◆ What you need to do: All of the data below should be set down again verbatim, without any images.

[Dataset excerpt — start]

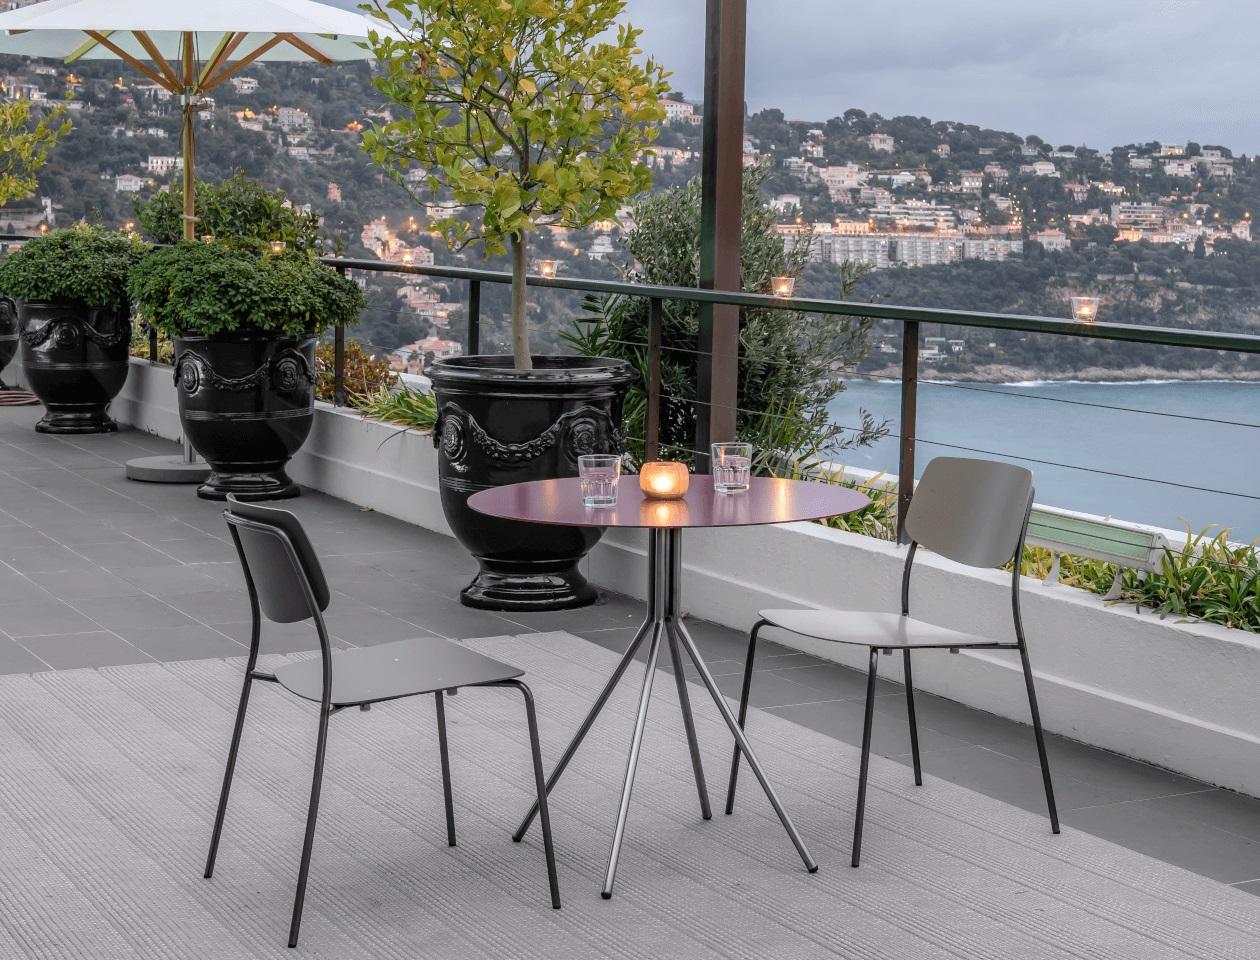 Swiss Felber C18 Indoor/Outdoor Patio Chairs by Dietiker in Aubergine/Wine, in Stock
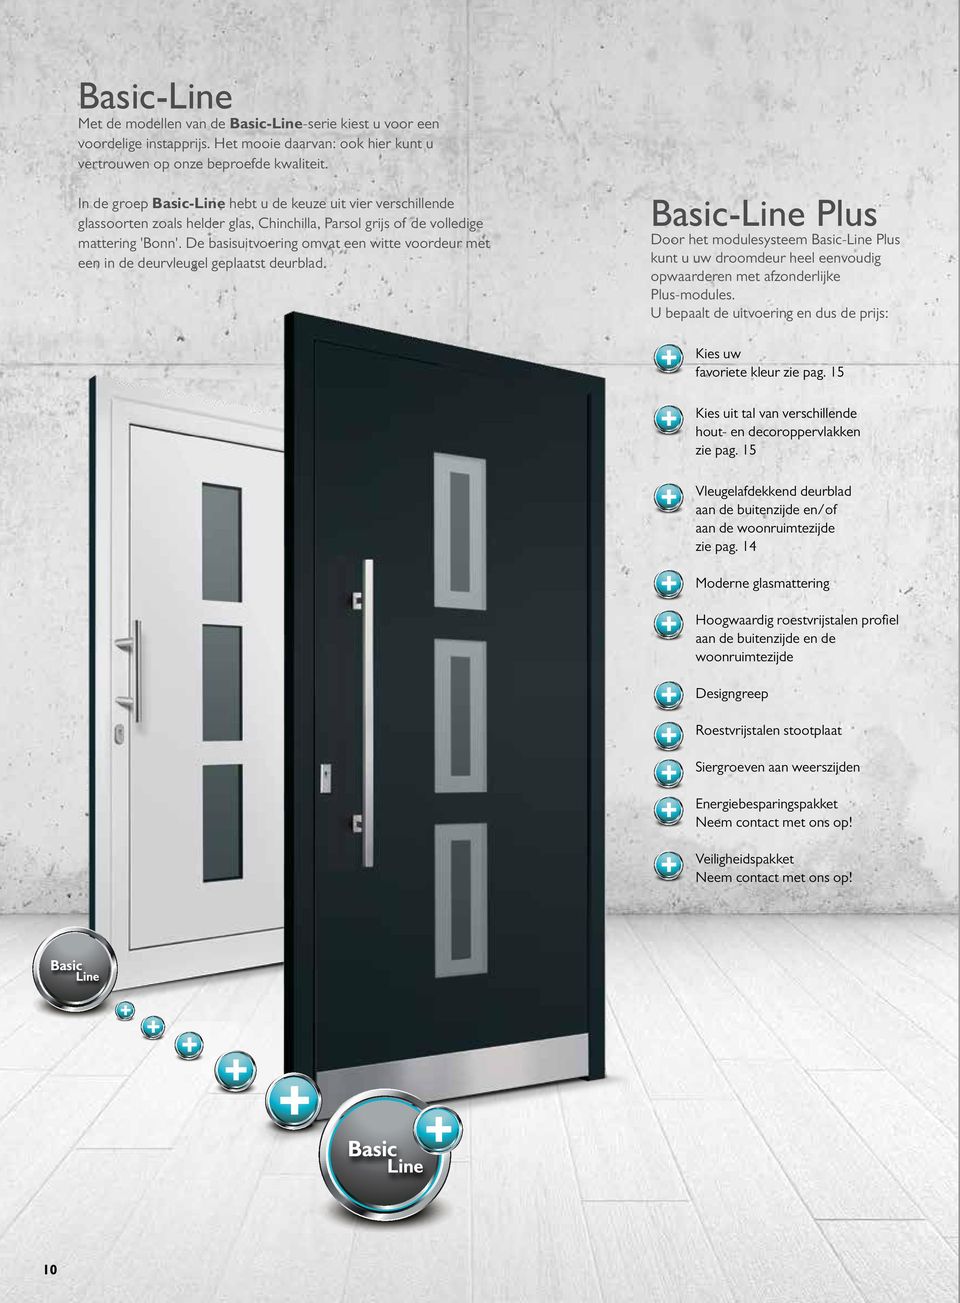 De basisuitvoering omvat een witte voordeur met een in de deurvleugel geplaatst deurblad.
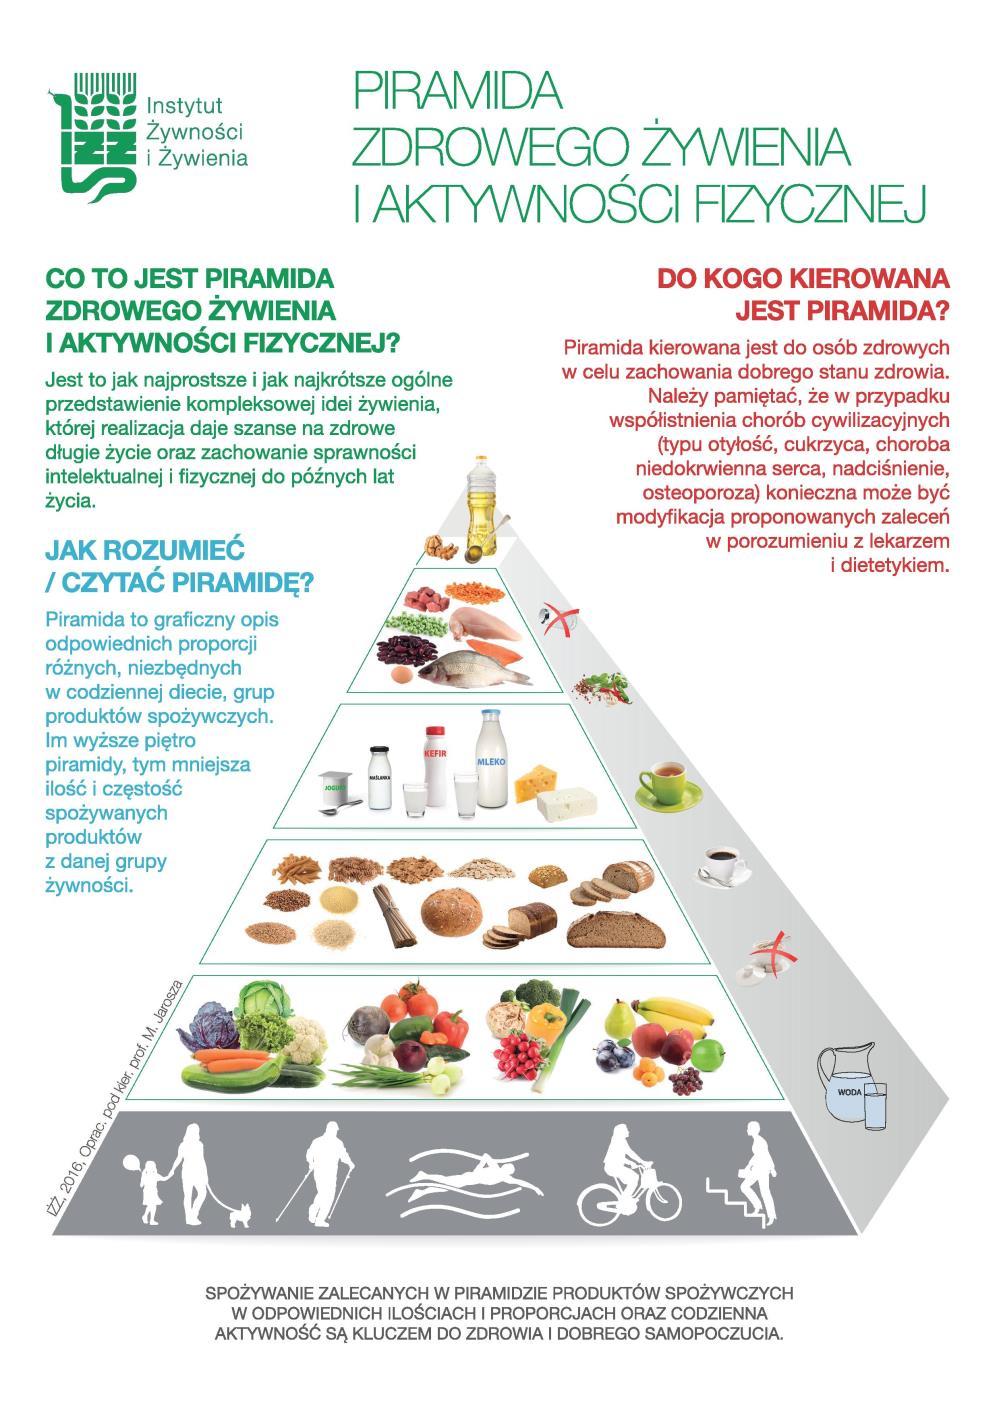 Piramida zdrowego żywienia i aktywności fizycznej 2016 - awans warzyw i owoców na pierwsze miejsce wśród zalecanych produktów spożywczych (po
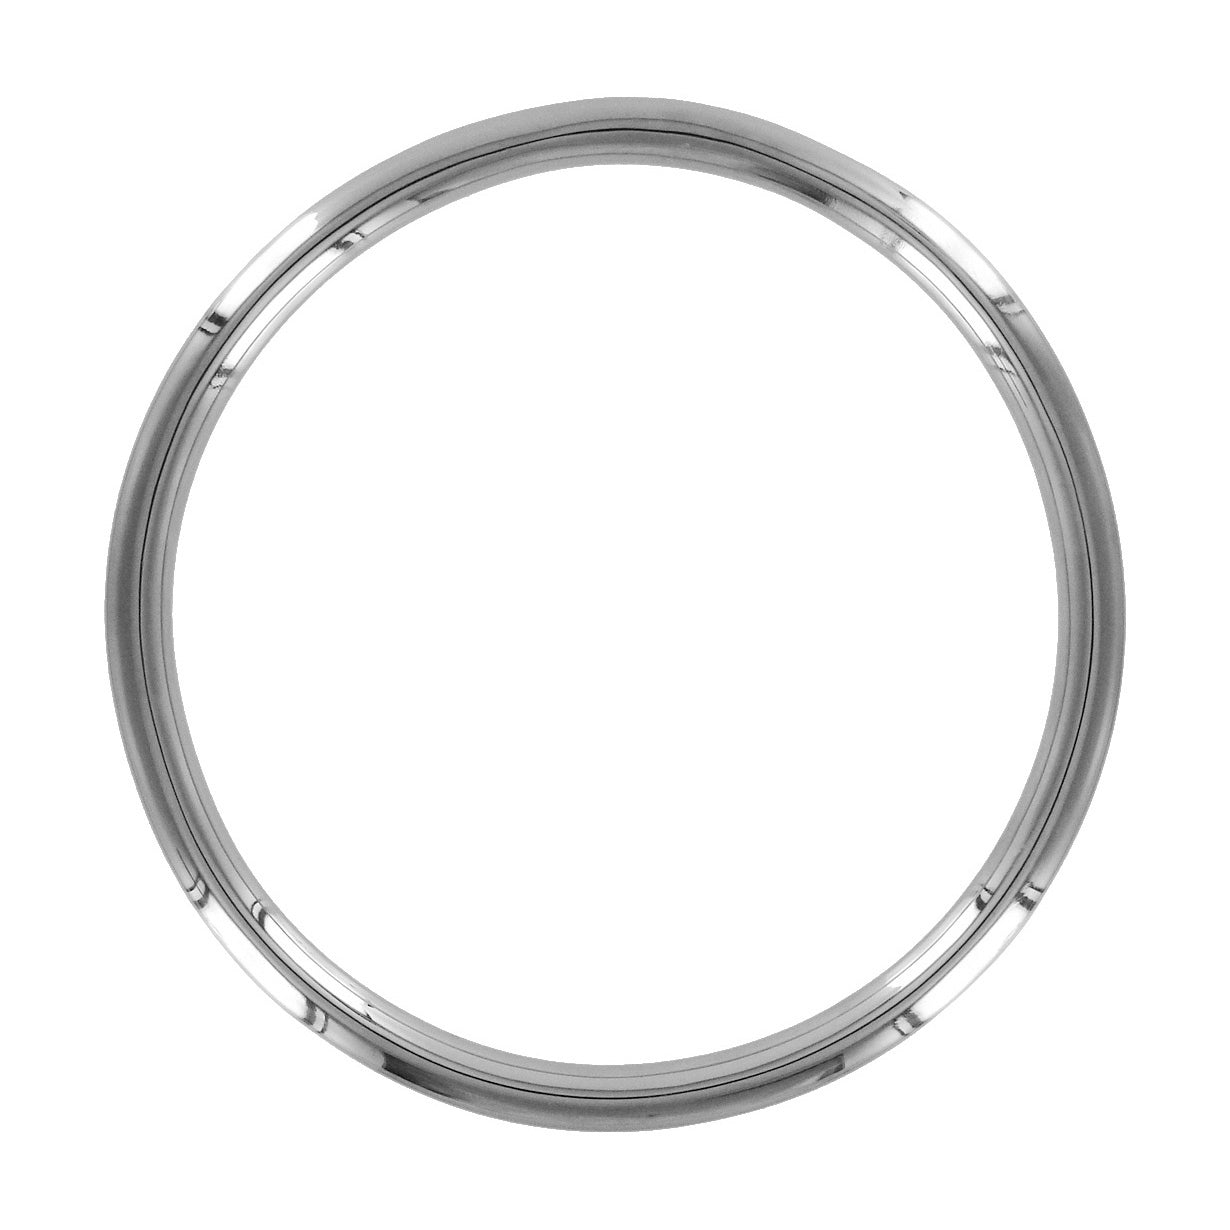 Shibari Rope Bondage Ring

[Dataset excerpt — finish]

◆ Output of the exercise:
 Swiss Felber C18 Indoor/Outdoor Patio Chairs by Dietiker in Aubergine/Wine, in Stock
 De basisuitvoering omvat een witte voordeur met een in de deurvleugel geplaatst deurblad.
 Piramida zdrowego żywienia i aktywności fizycznej 2016 - awans warzyw i owoców na pierwsze miejsce wśród zalecanych produktów spożywczych (po
 Shibari Rope Bondage Ring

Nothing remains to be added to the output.